Sentinel lymph node biopsy in a resourcelimited setting: a retrospective comparison of sentinel lymph node biopsy before and after the introduction of Sentimag at an academic breast unit
Background: Sentinel lymph node biopsy (SLNB) is performed for staging and prognostication of breast cancer (BC) in cases with a clinically and radiologically negative axilla. Using blue dye and a radioactive colloid injection is considered the gold standard for SLNB. This study aims to evaluate the SLNB outcomes before and after the introduction of Sentimag at an academic breast unit. Sentimag uses an injection of superparamagnetic iron oxide which is then detected in the sentinal lymph node using a magnetometer.
Method: A retrospective cohort study was performed comparing SLNBs done from 1 January 2017 to 31 December 2018. During 2017, a nuclear medicine technique was used for all SLNBs, while the Sentimag system was used in 2018.
Results: There was no difference between the two groups comparing age, T-stage, size of tumour, and molecular status.

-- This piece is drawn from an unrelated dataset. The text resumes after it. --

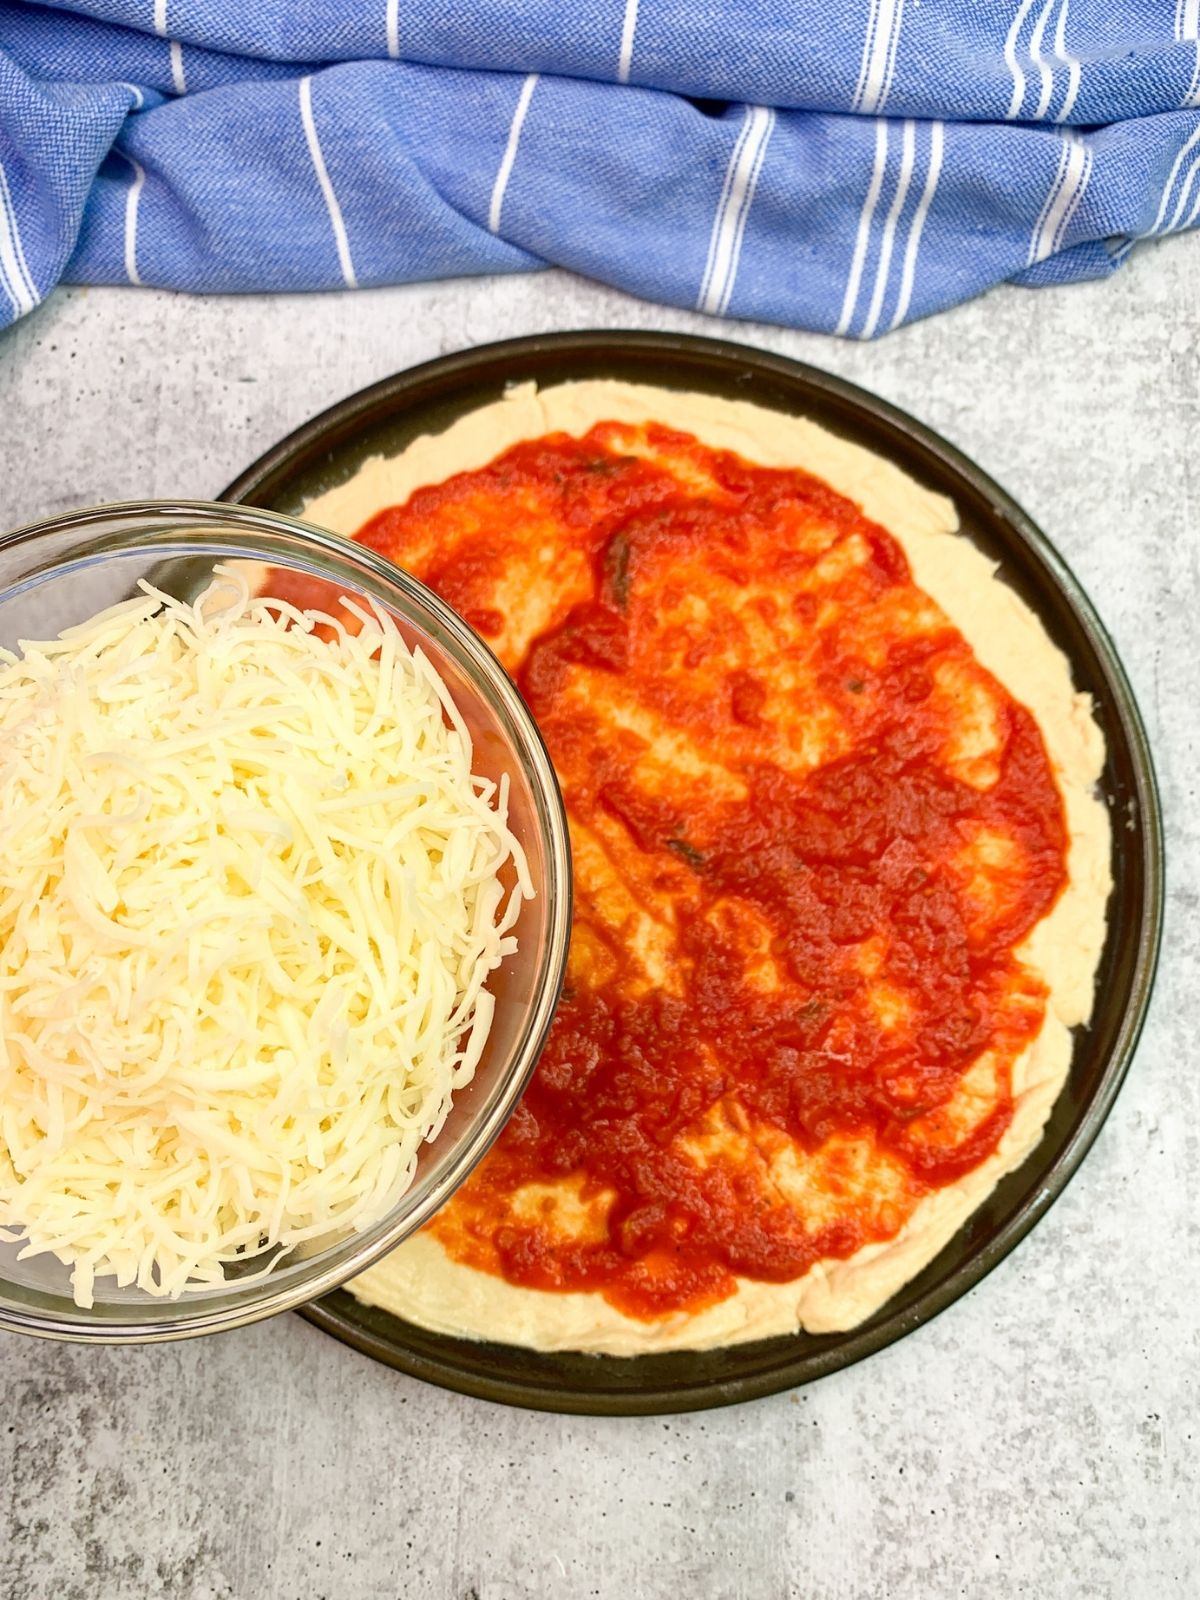 Mozzarella cheese for crescent roll pizza with tomato sauce.

The only statistically significant difference found was more higher-grade tumours in the group where a nuclear medicine technique was used in 2017 (p = 0.04). There was no difference in the type of surgery performed comparing mastectomy and breast-conserving surgery rates between the two groups. There was an 11% increase in the number of patients who had an SLNB done with the Sentimag technique (2018). In 2017, 42% (58/139) had an SLNB and in 2018, 53% (59/112) had an SLNB.
Conclusion: This result demonstrates the feasibility of the magnetic technique for SLNB in a resource-limited setting. This new method shows promise as a safe and effective technique for SLNB – it is a valuable alternative in the absence of nuclear medicine (N.Med) facilities.